First we must survive, body and mind together. And it is strange but true; the mind comes to rest in a body that is usefully occupied.

First things first

  1. Get clean; shower, wash hair, brush teeth. Make your bed. These will give you a sense of achievement, early in the day.
  2. Fresh clothes, something soft against the skin, according to the temperature. Socks if it is cold.
  3. Drink water. Cold, hot with lemon, tea, coffee, hot chocolate, whatever appeals. Then, drink more water through the day.
  4. Eat something. Toast, cereal, fruit, yogurt, noodles, whatever is available and easy.
  5. Put on some music to distract you from the internal thoughts that constantly whisper negative things. Turn up the volume if it helps.
  6. Some, or maybe all of your environment is out of control, mirroring your internal state. Pick a room where you spend a lot of time. Start in one corner, and begin clearing up. Wash dirty dishes, put on laundry, fill bags with trash and take them out.
  7. When feelings arise about the process, note them and keep going. Remember this is practical, not emotional.
  8. If someone has offered their support and you feel able, ask them to keep you company and/or help you. Sometimes we don’t need someone to hold our hand, as much as we need someone to tidy the kitchen we can’t face any more.
  9. Go outside. Breathe fresh air, turn your face to the sun, stand barefoot on the grass and connect. If weather or other issues prevent this, open a window for a few minutes. Bodies need oxygen and sunlight.
  10. If you are able, a simple repetitive task will further occupy your body. Cleaning windows, ironing, digging a garden, painting a fence, mopping floors, pulling weeds, walking. Sing along with your music. Count your steps, left, right, left.
  11. You will be distracted by the pain. Tell yourself you will come back to it later, and concentrate on the task at hand. (You know it will still be there.) Mindfulness is not emptying your mind of thoughts, that’s impossible. It is about noting the thoughts, letting them go, and returning to the one point of focus. Counting breaths or steps, reciting prayers or mantras, all help to occupy the body and still the mind.
  12. Helping others can be very therapeutic. But we cannot give what we don’t have. Put on your own oxygen mask first.
  13. Remember we are all different, and YMMV. Try different things and see what works for you. Return to it when life gets tough, before things spiral too far downwards. Sometimes we sink deeper, and it takes more effort to climb out of the hole. Get to know your early warning signs, and act on them.
  14. Ideal outcome: your body is comforted and nourished; your environment improved; your sense of control enhanced; your mind rested. A break from pain frees up mental energy that can now be used to address the underlying issues, with professional help if needed.

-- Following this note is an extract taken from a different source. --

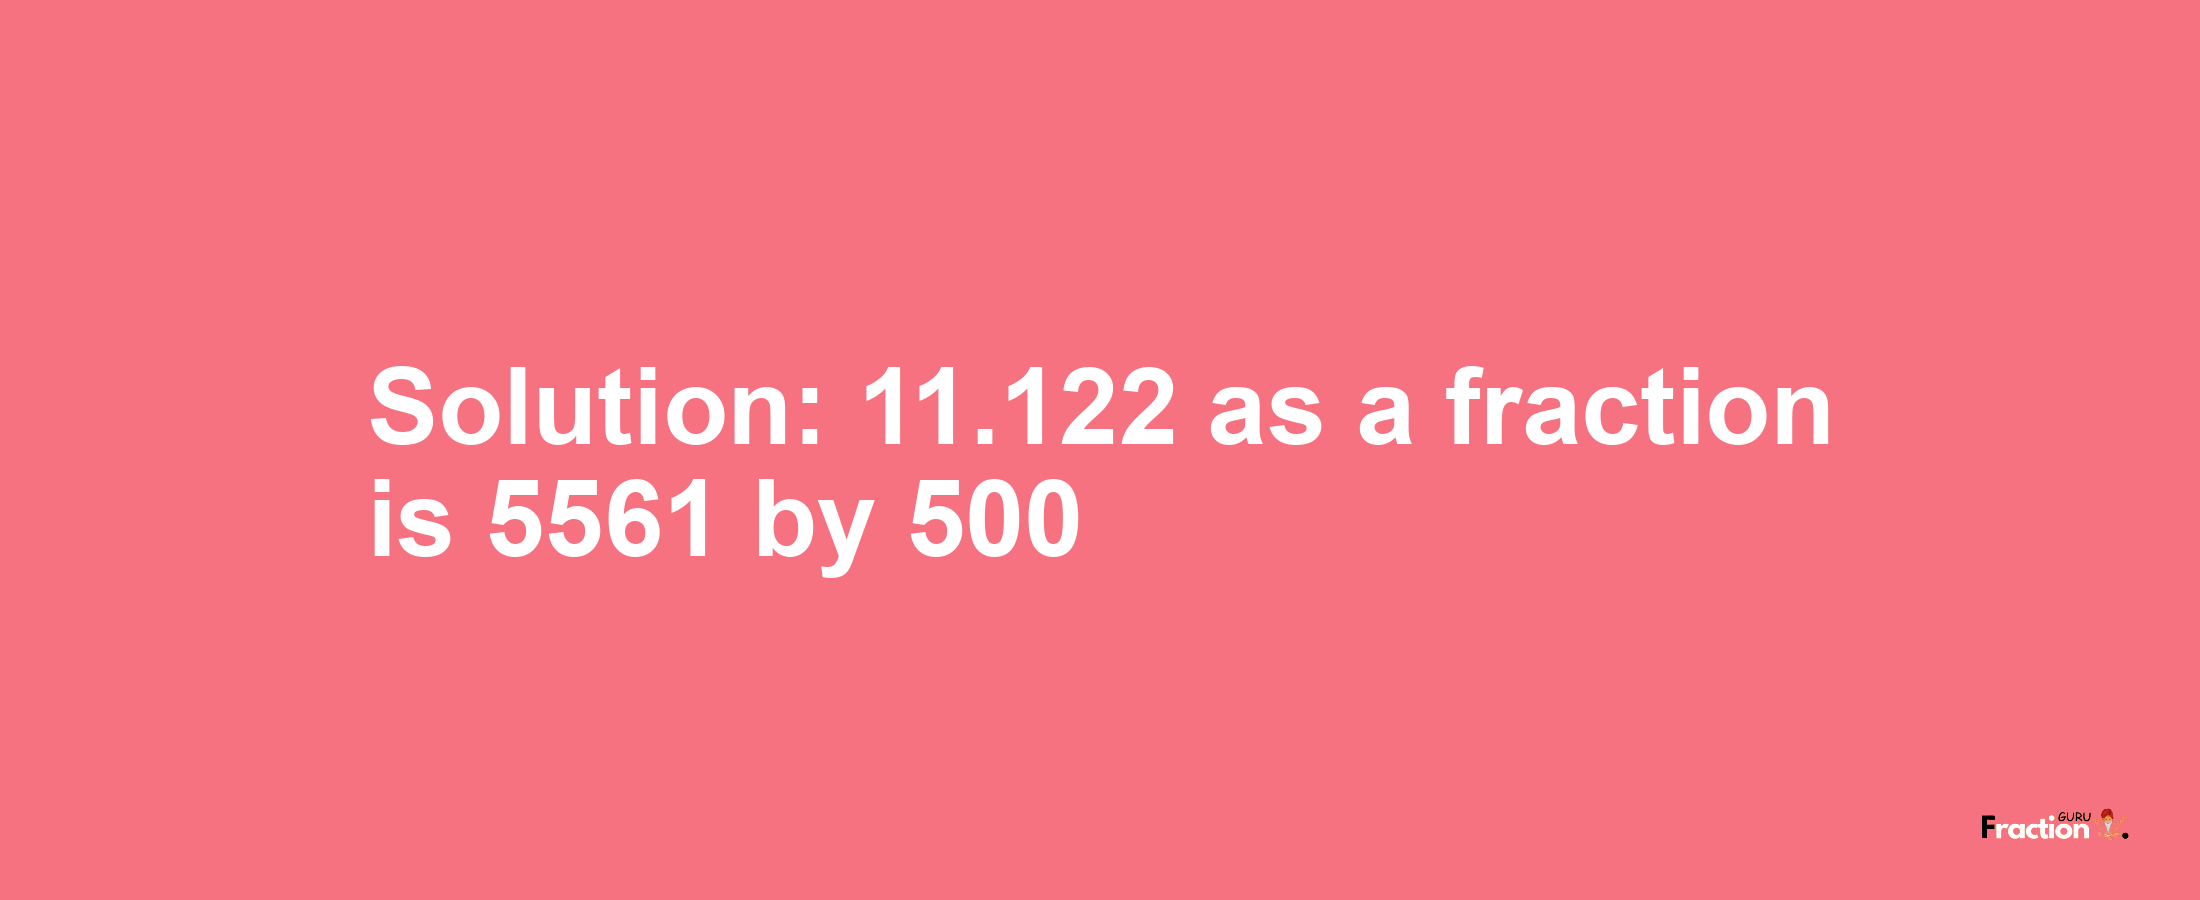 Solution:11.122 as a fraction is 5561/500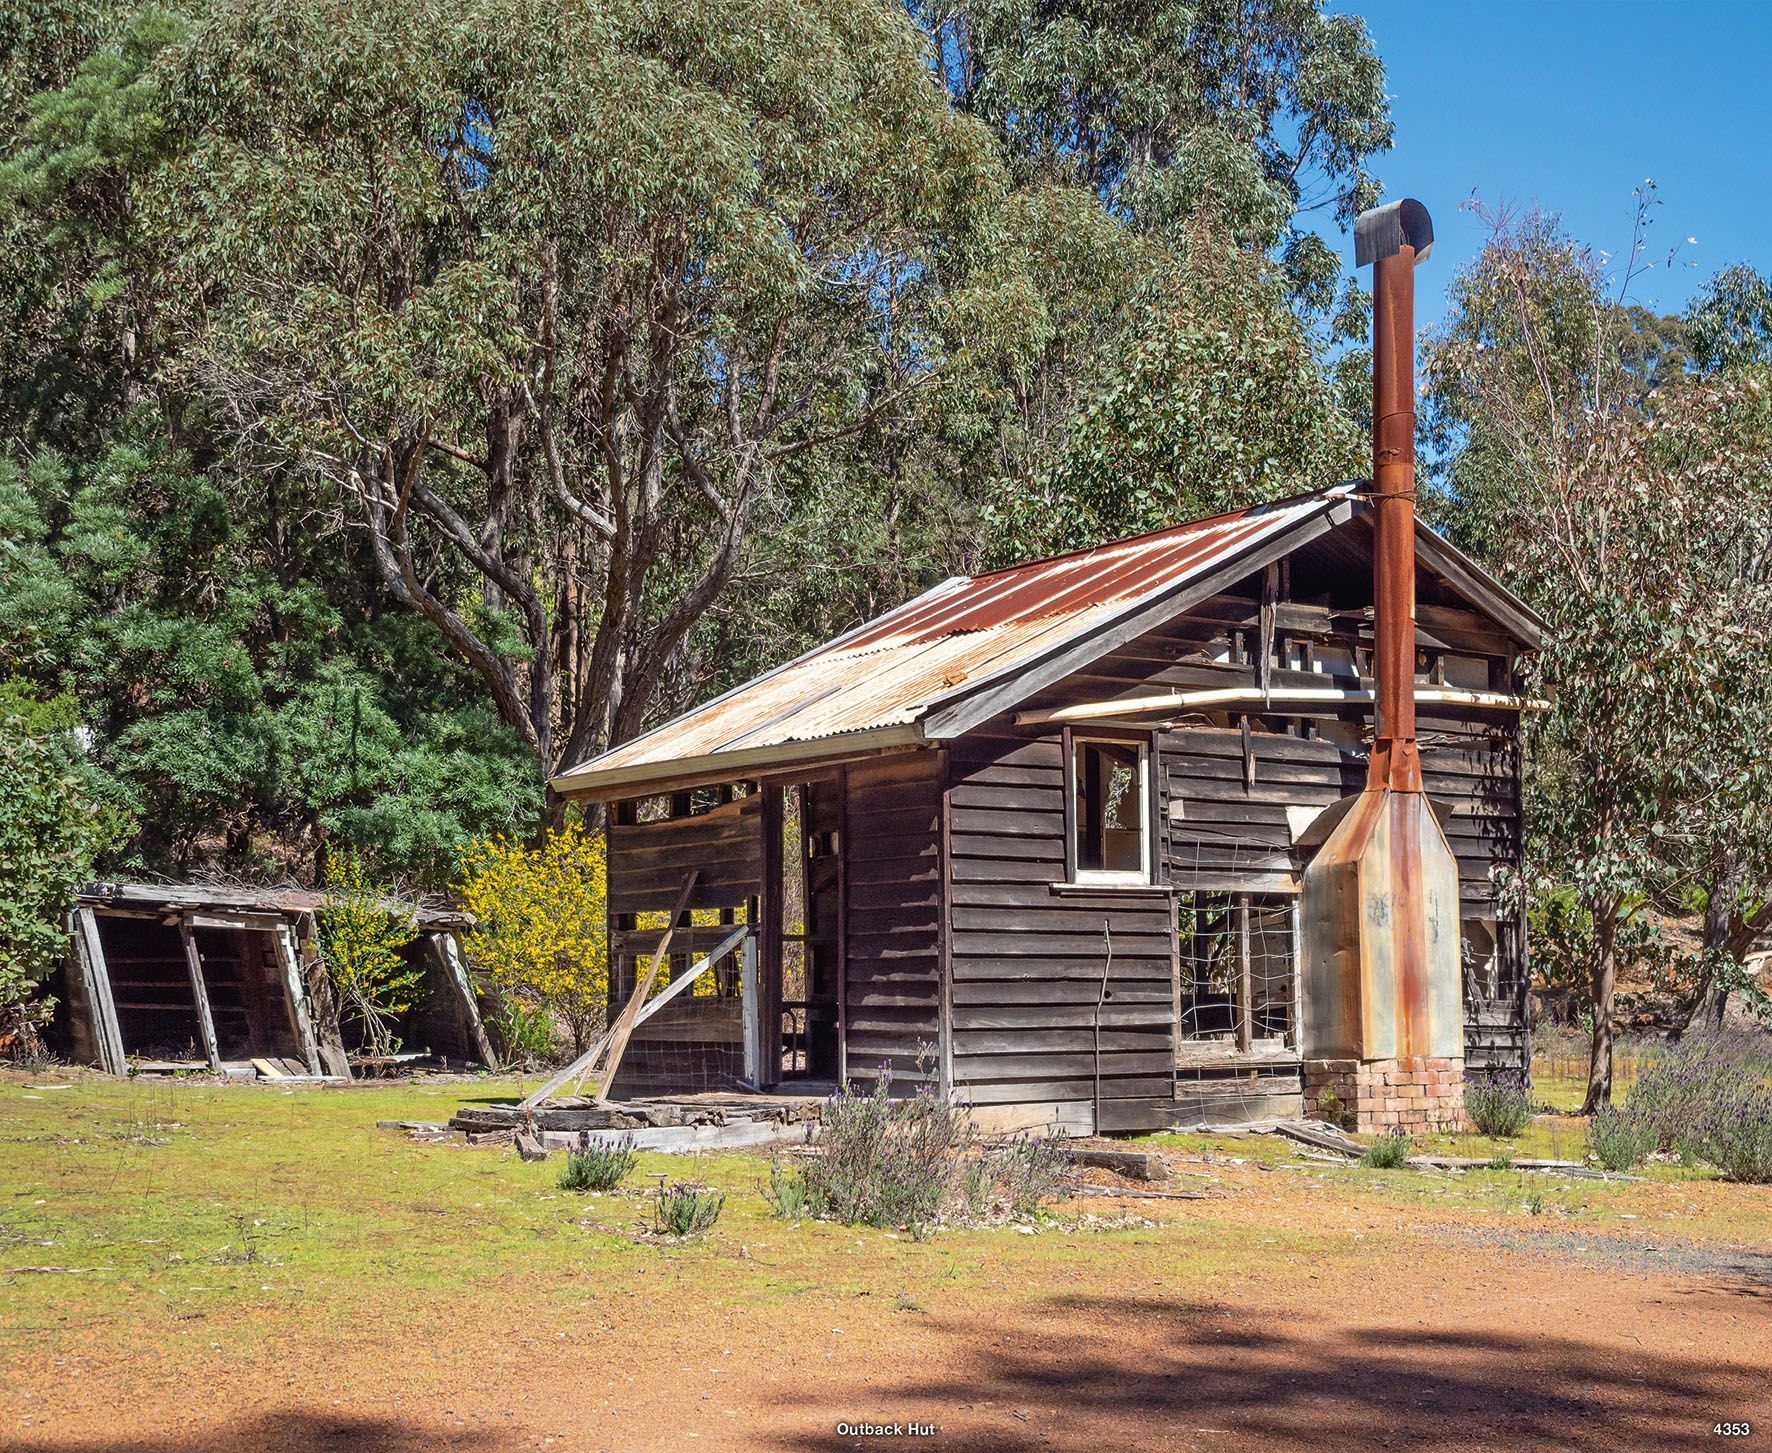 4353_Outback Hut

I hope you find something here that helps you feel better. But if you don’t, if you really feel you can’t go on and ceasing to exist seems like the only way out, please stop and reach out. Help is available here (in many countries) and there is always another solution.

The bravest thing I ever did was continuing my life when I wanted to die.
Juliette Lewis

Sometimes, just surviving another day is the victory. Let your body carry your mind until it feels better.